STORED DATA:
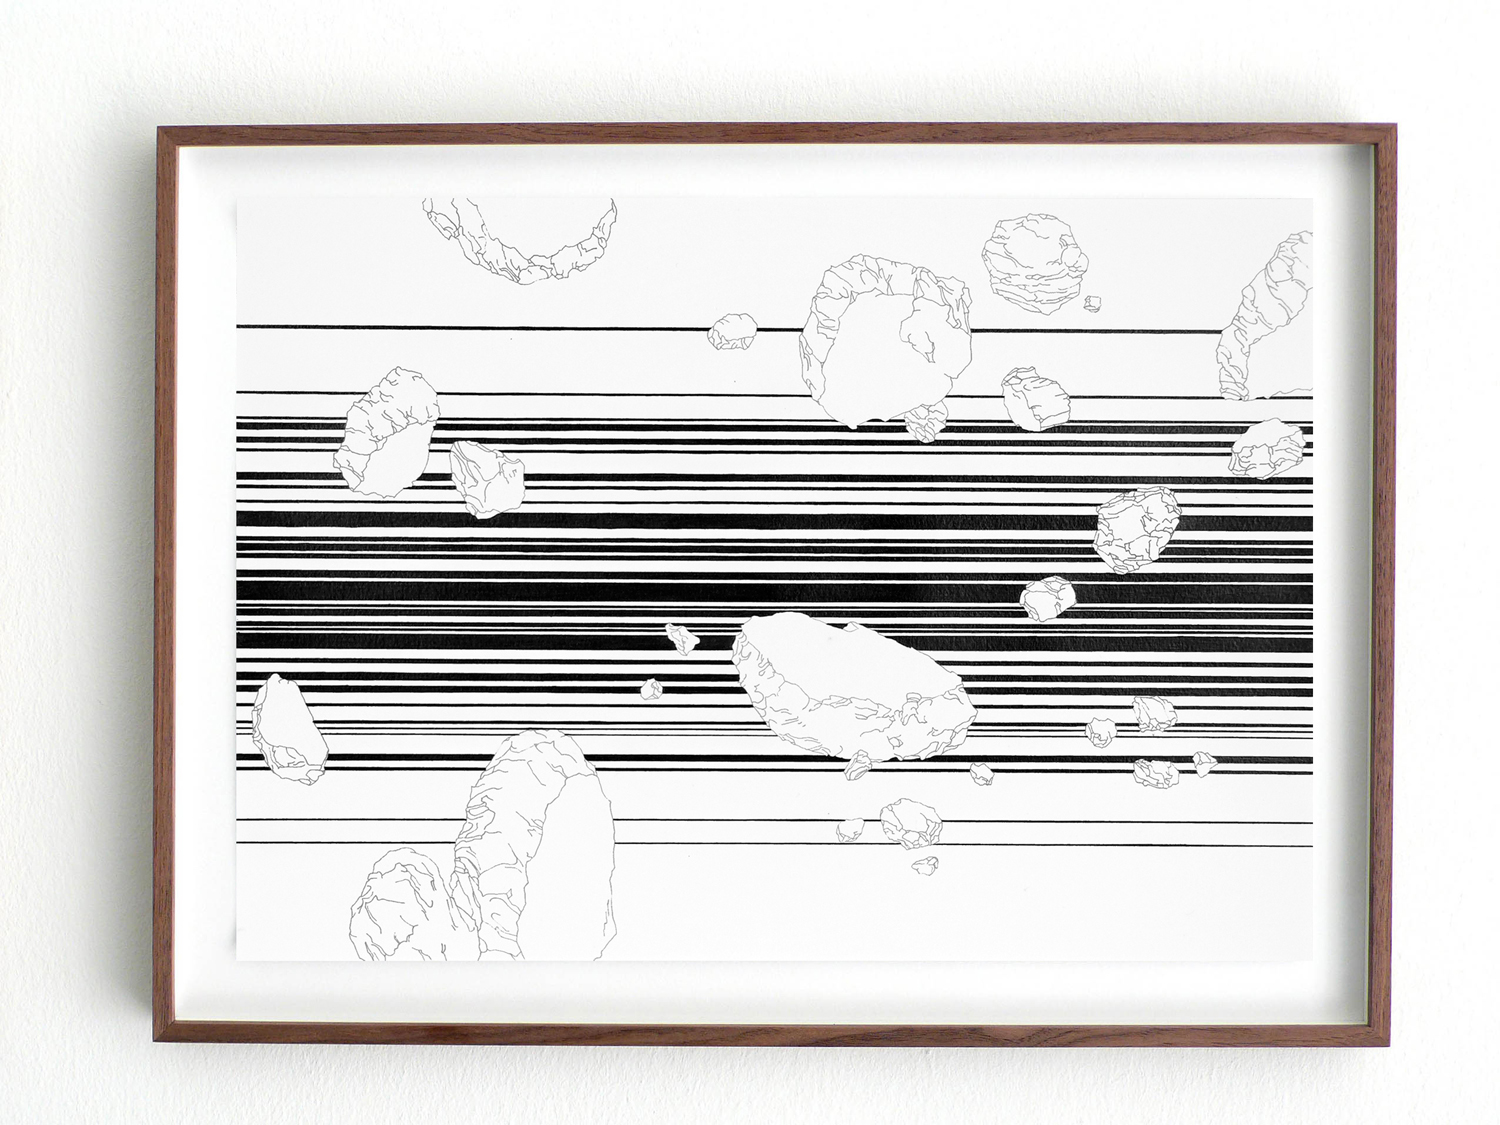   Vision/ quaalude, 2008, pencil on paper, 29,7 x 42cm  
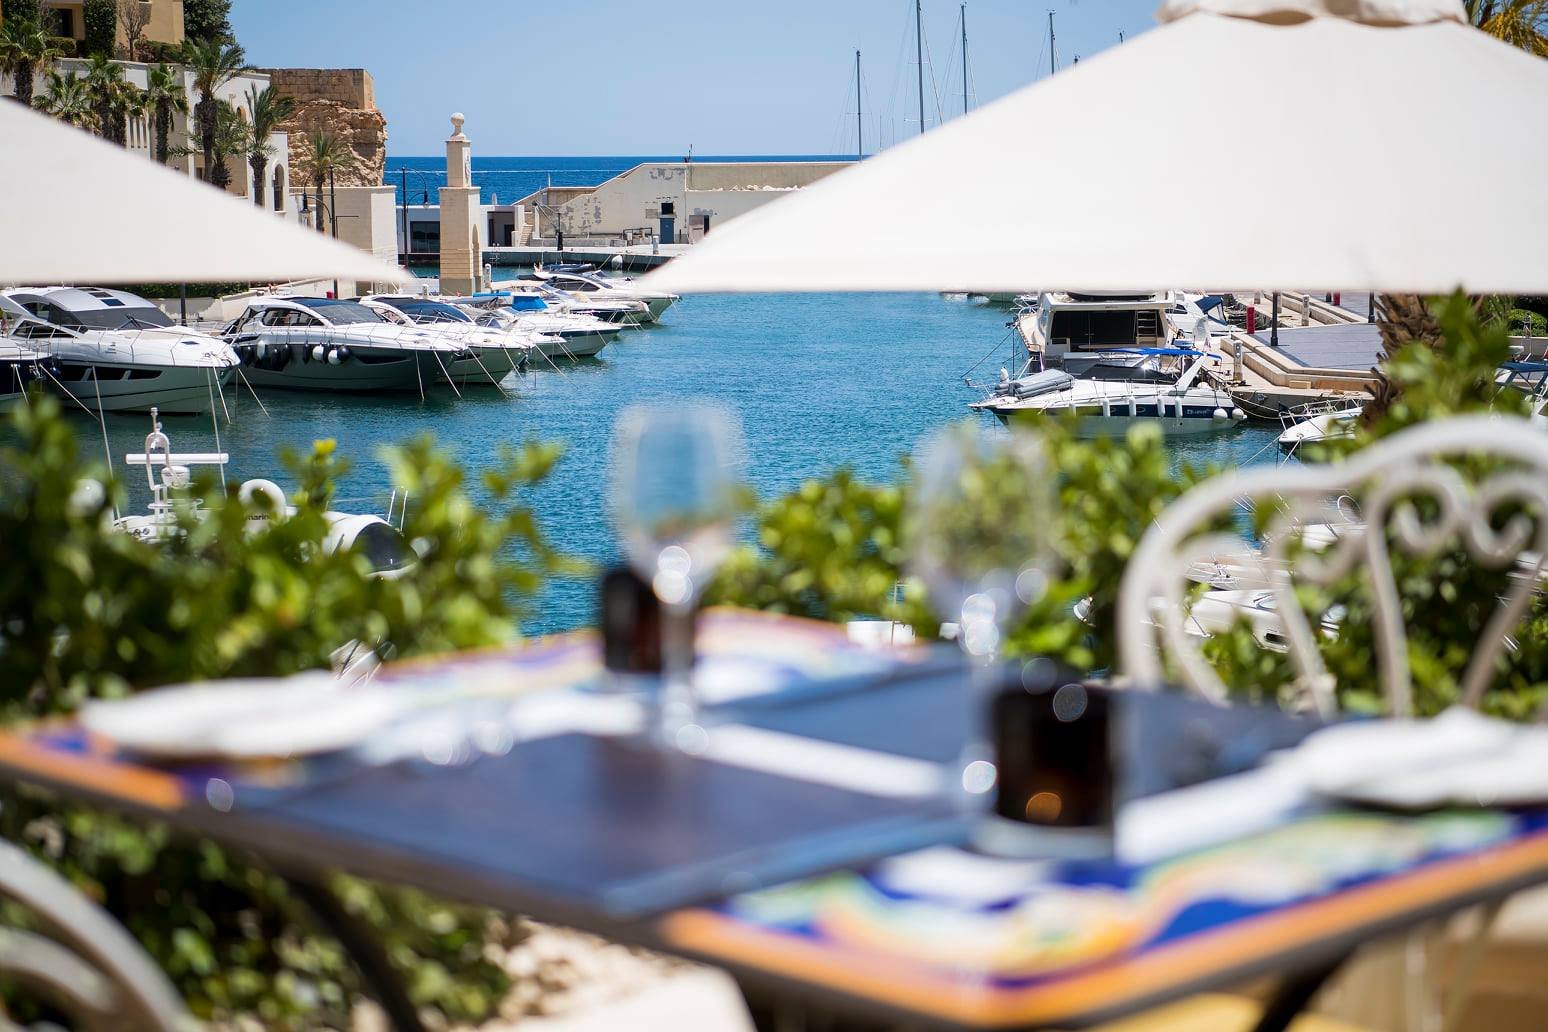 Sale e Pepe - Malta restaurants with a view
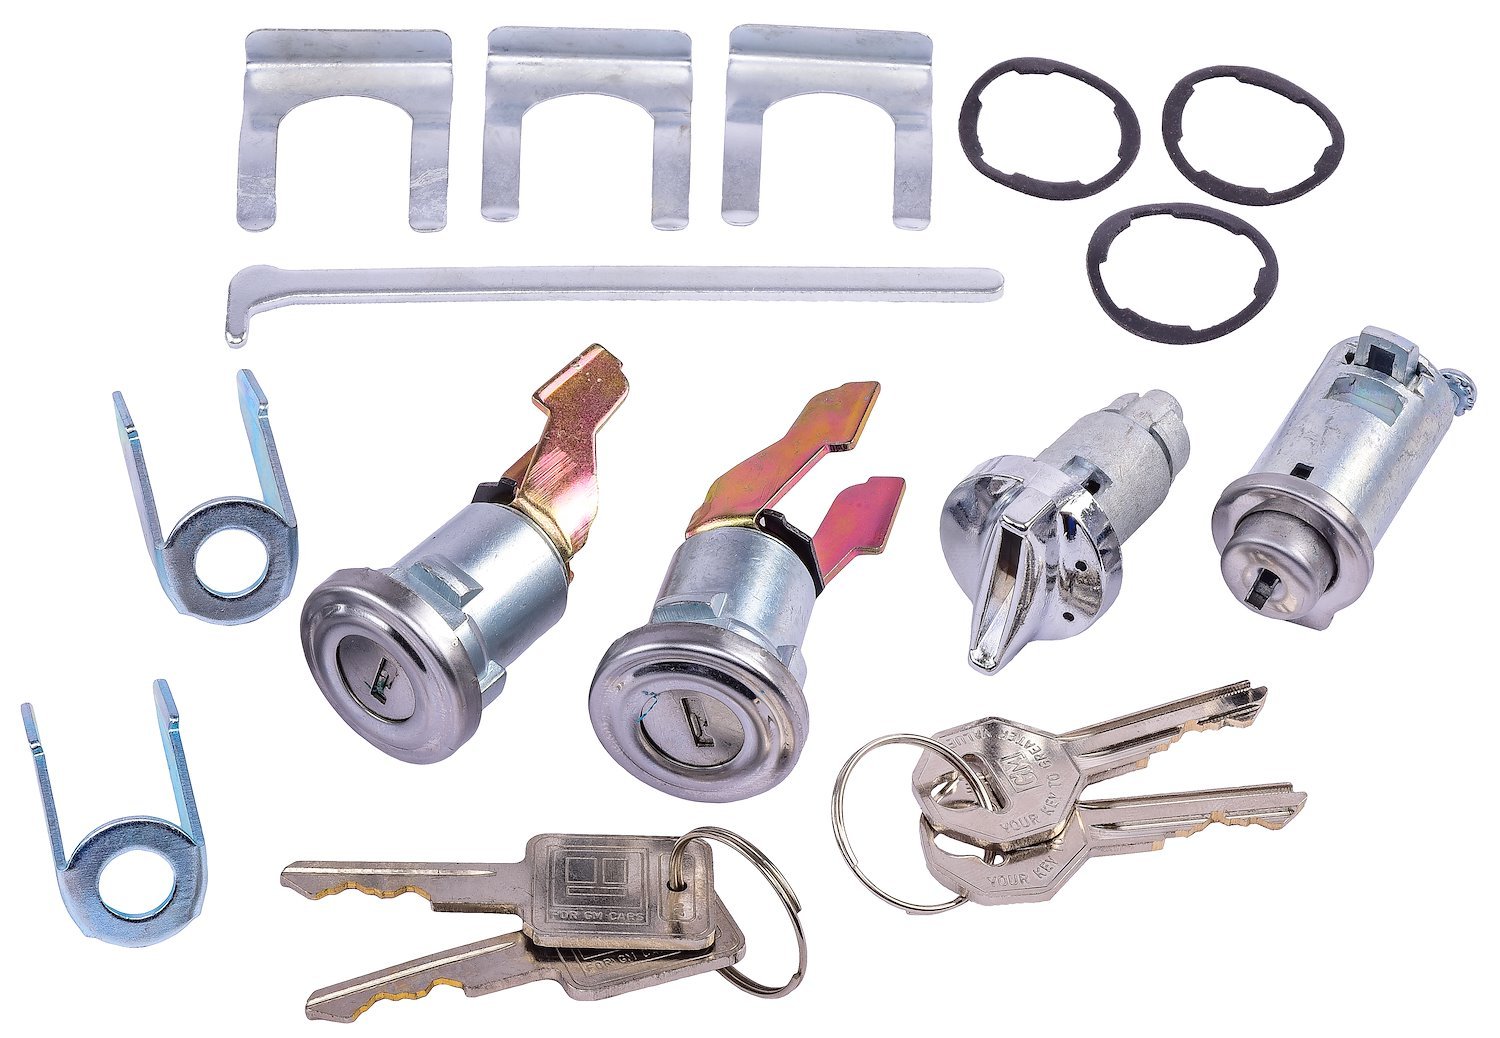 Ignition, Door & Glovebox Lock Set Fits Select 1955, 1957 Chevrolet Wagon Models [Original Octagon Keys]
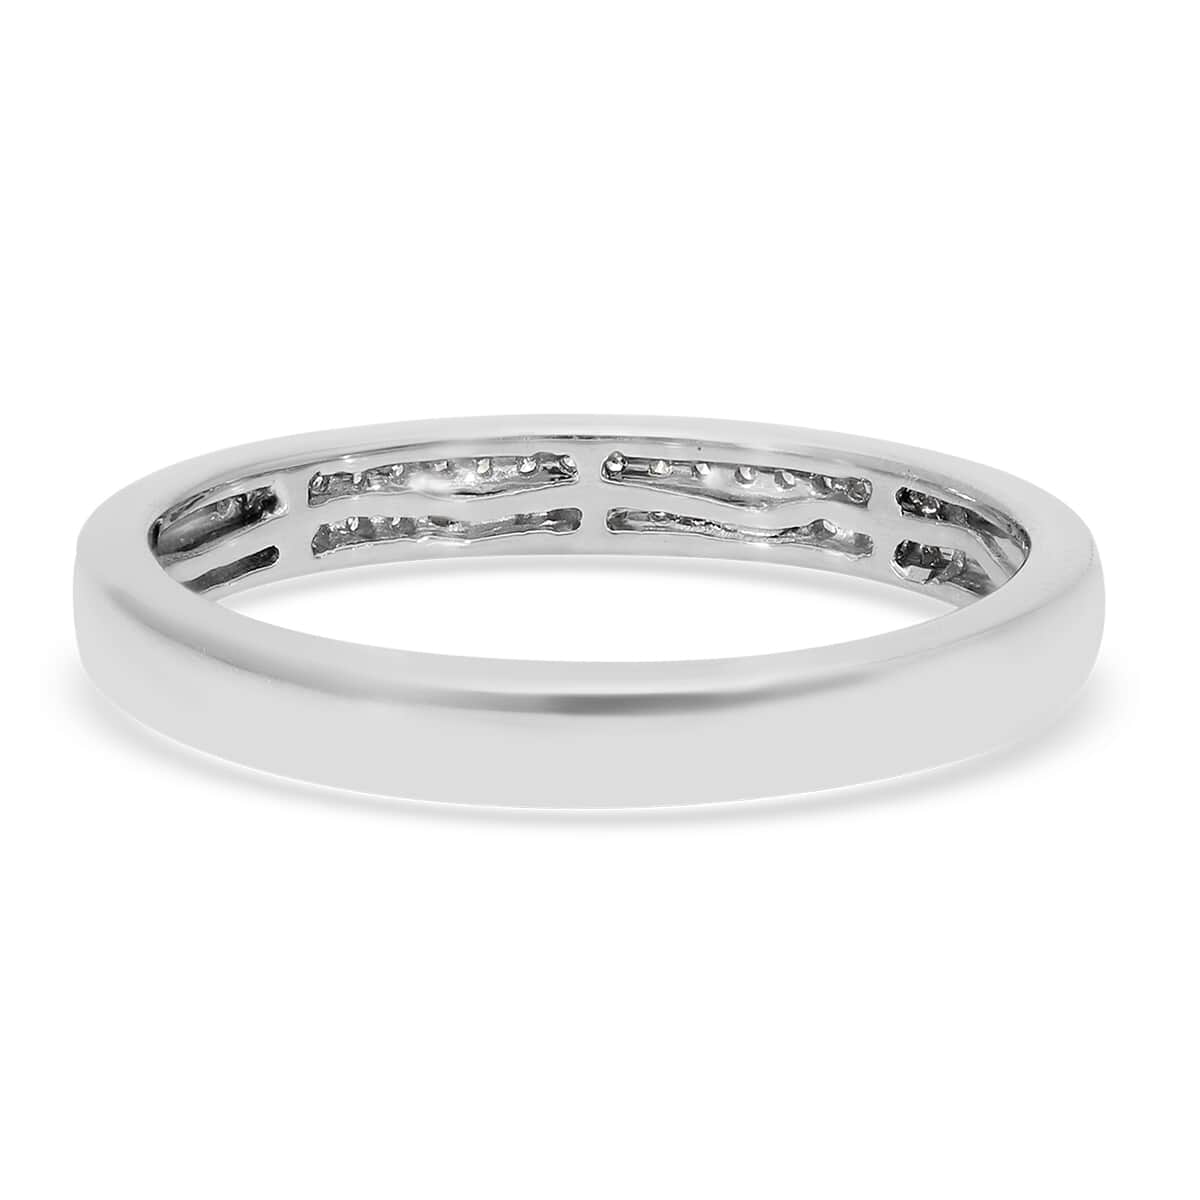 RHAPSODY IGI Certified 950 Platinum E-F VS Diamond Ring (Size 7.0) 5 Grams 0.18 ctw image number 4
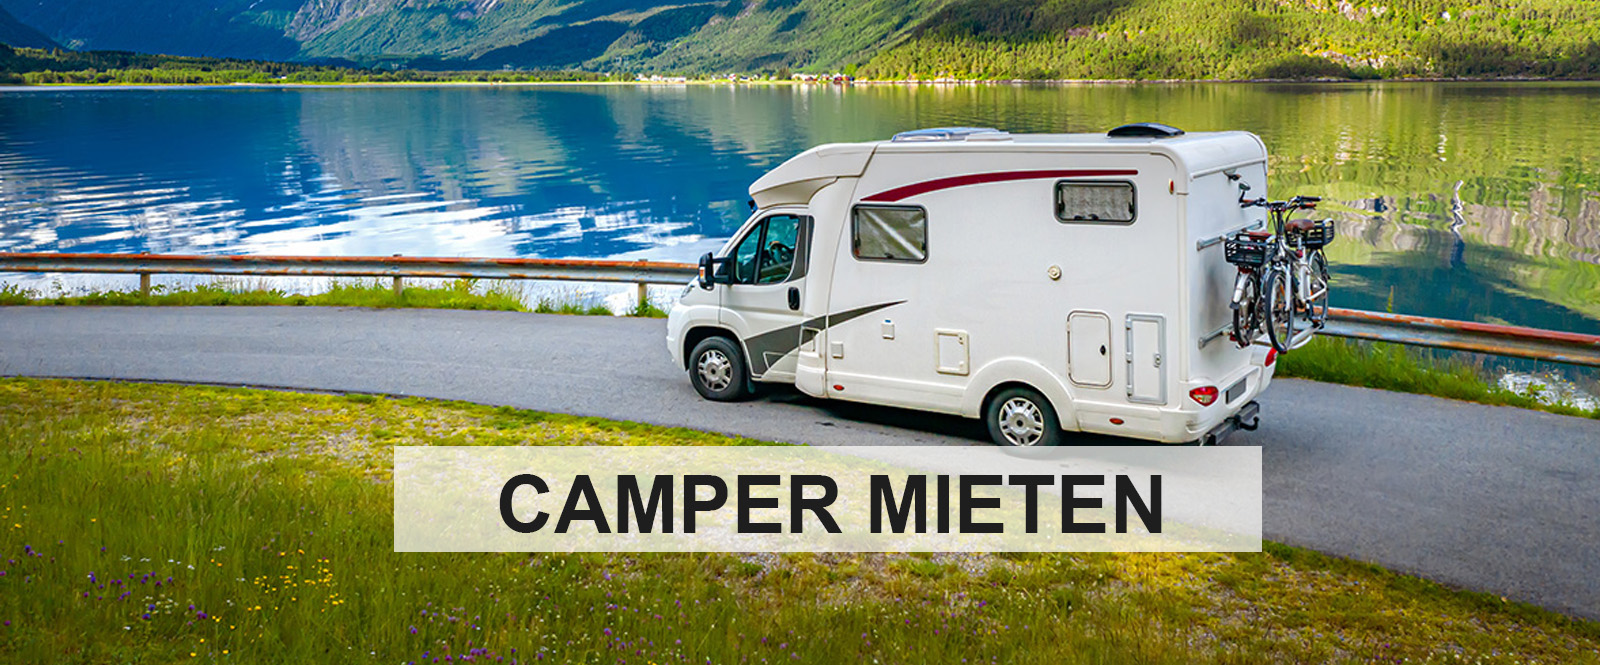 Camper mieten - Grimmer's Reisewelt
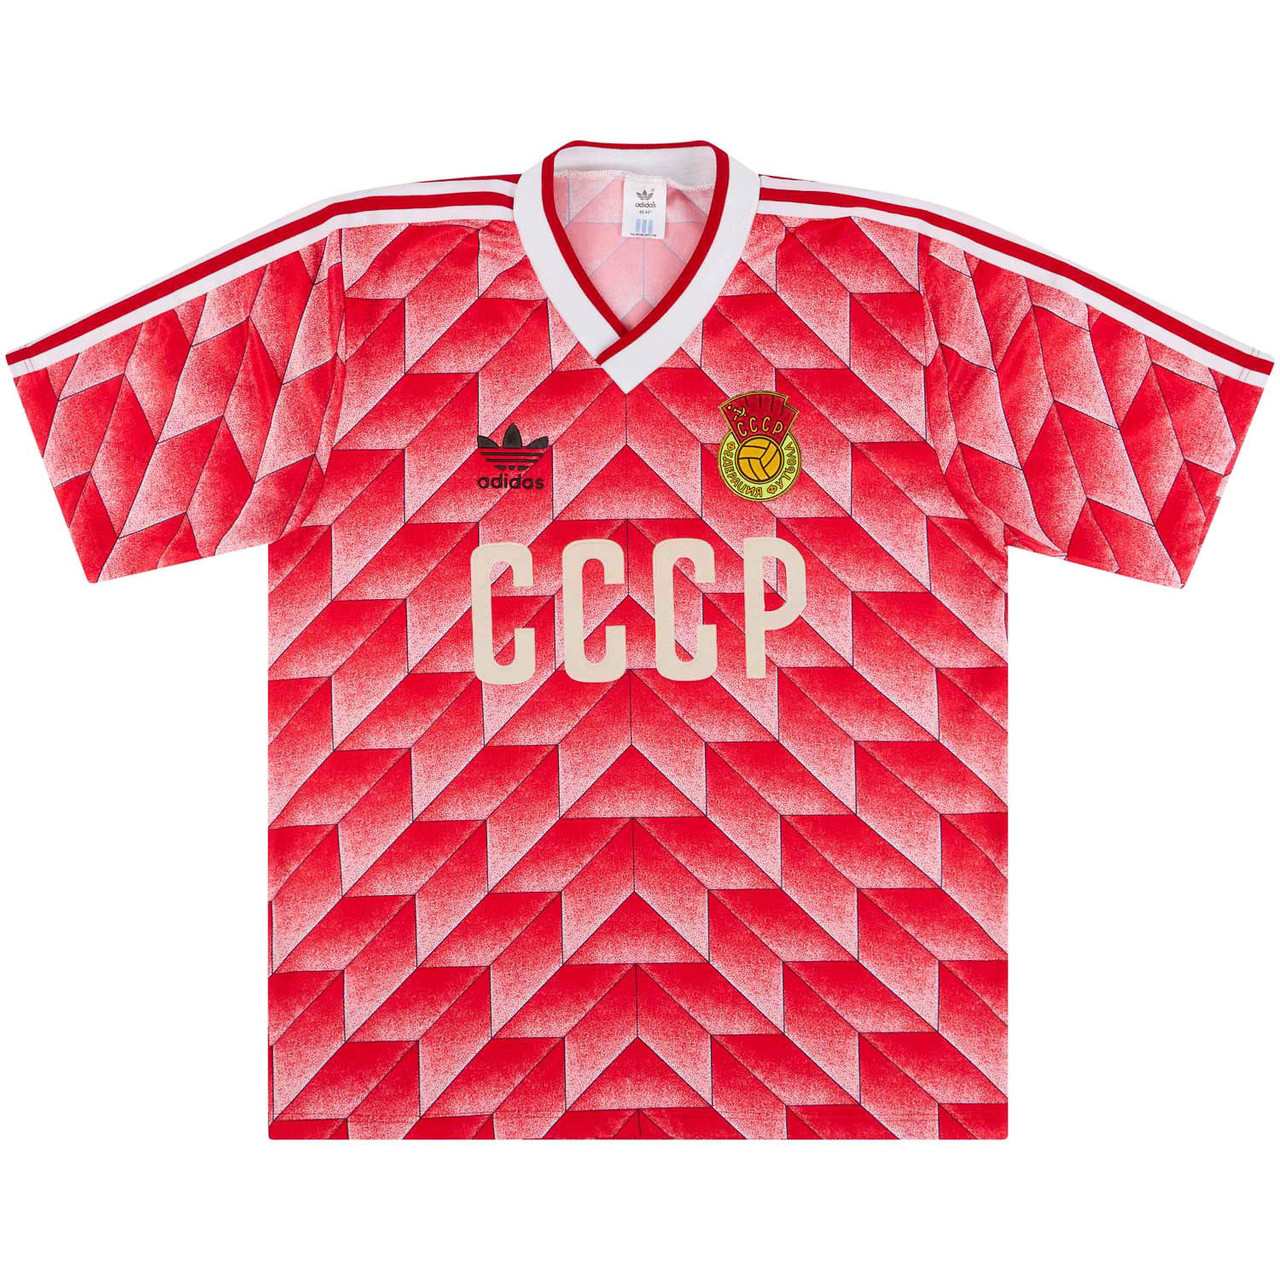 Players Tribune CCCP 1987 1988 Number 9 Home Shirt (Good) L

TASK INSTRUCTIONS:
All lines from the one holding "Sale e Pepe - Malta restaurants with a view" through the last line of the material above should be set down exactly, and the pictures should be left out.

PROBLEM SOLUTION:
 Sale e Pepe - Malta restaurants with a view
 Ignition, Door & Glovebox Lock Set Fits Select 1955, 1957 Chevrolet Wagon Models [Original Octagon Keys]
 RHAPSODY IGI Certified 950 Platinum E-F VS Diamond Ring (Size 7.0) 5 Grams 0.18 ctw image number 4
 Camper mieten - Grimmer's Reisewelt
 Players Tribune CCCP 1987 1988 Number 9 Home Shirt (Good) L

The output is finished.